To reiterate we must keep in mind, advanced cirrhotic patients may have amplified sensitivity to benzodiazepines due to increased receptor ligands in the brain which may lead to over sedation. Instead, haloperidol is the better option to avoid an adverse effect and aid in sedation to calm the patient. Haloperidol is used if your suspicion for alcohol withdrawals is low.

 

Prevention of hepatic encephalopathy.

Prevention of hepatic encephalopathy include avoiding precipitating factors such as:

Gastrointestinal bleeding, hypokalemia, metabolic acidosis, renal failure, hypoxia, hypoglycemia or constipation.

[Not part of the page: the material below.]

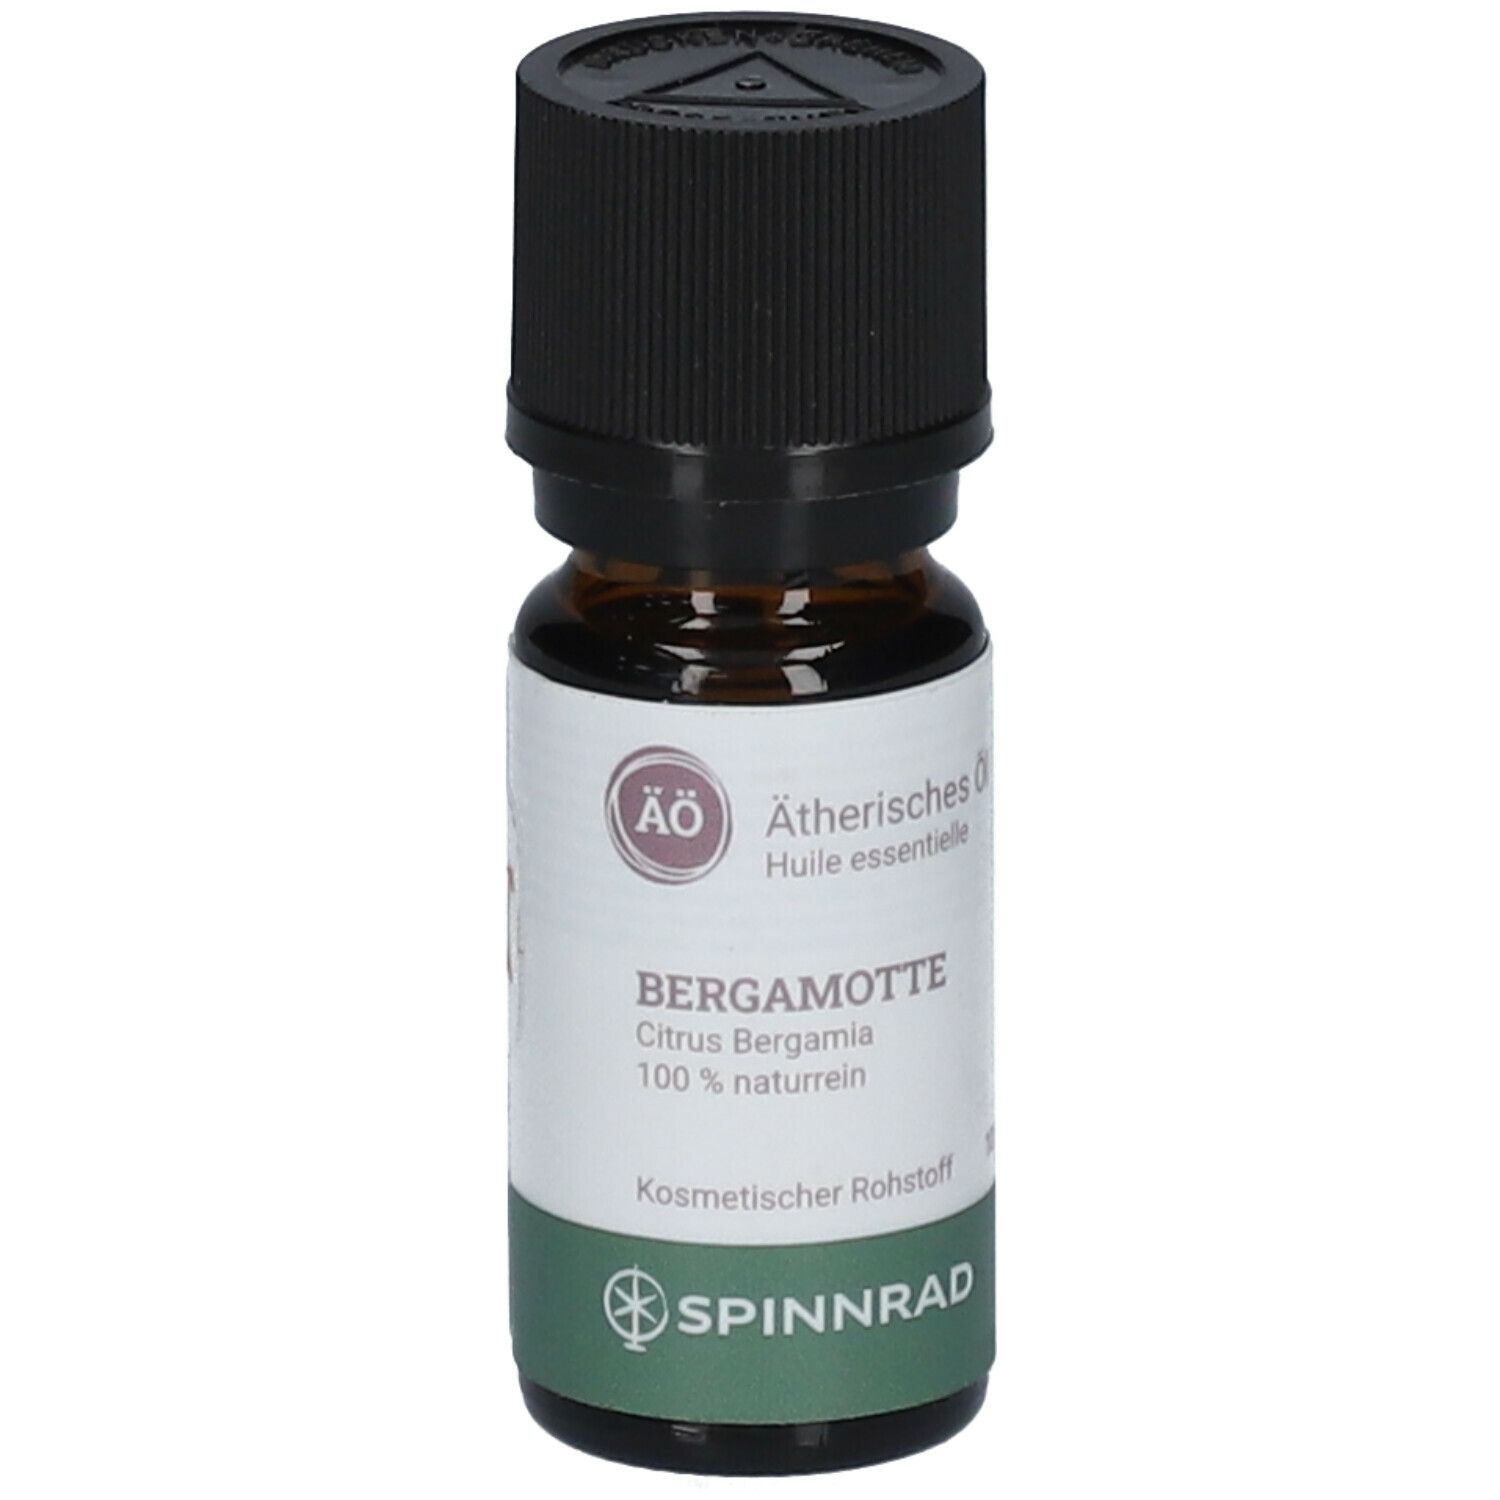 Spinnrad® Etherisches Öl Bergamotte 100 % naturrein

Hepatic encephalopathy can reoccur after treatment; which is why prevention should be a patient/provider oriented goal to inhibit repetitive episodes.

 

Typically, after an occurrence, patients are discharged home with lactulose (initial dose: 30-45mL orally 3 to 4 times daily to have 2-3 bowel movements a day) to continue the removal of ammonia and further prevent complications. 

 

Probiotics may also aid to prevent reoccurrence, but more research is needed before probiotics can be recommended for all patients to treat and/or prevent hepatic encephalopathy.

 

Restricting dietary protein is not recommended for the majority of patients.

 

All of this discussion has led us to the question of: What if Homer Simpson is not stupid but just has chronic jaundice and hepatic encephalopathy? (Joke).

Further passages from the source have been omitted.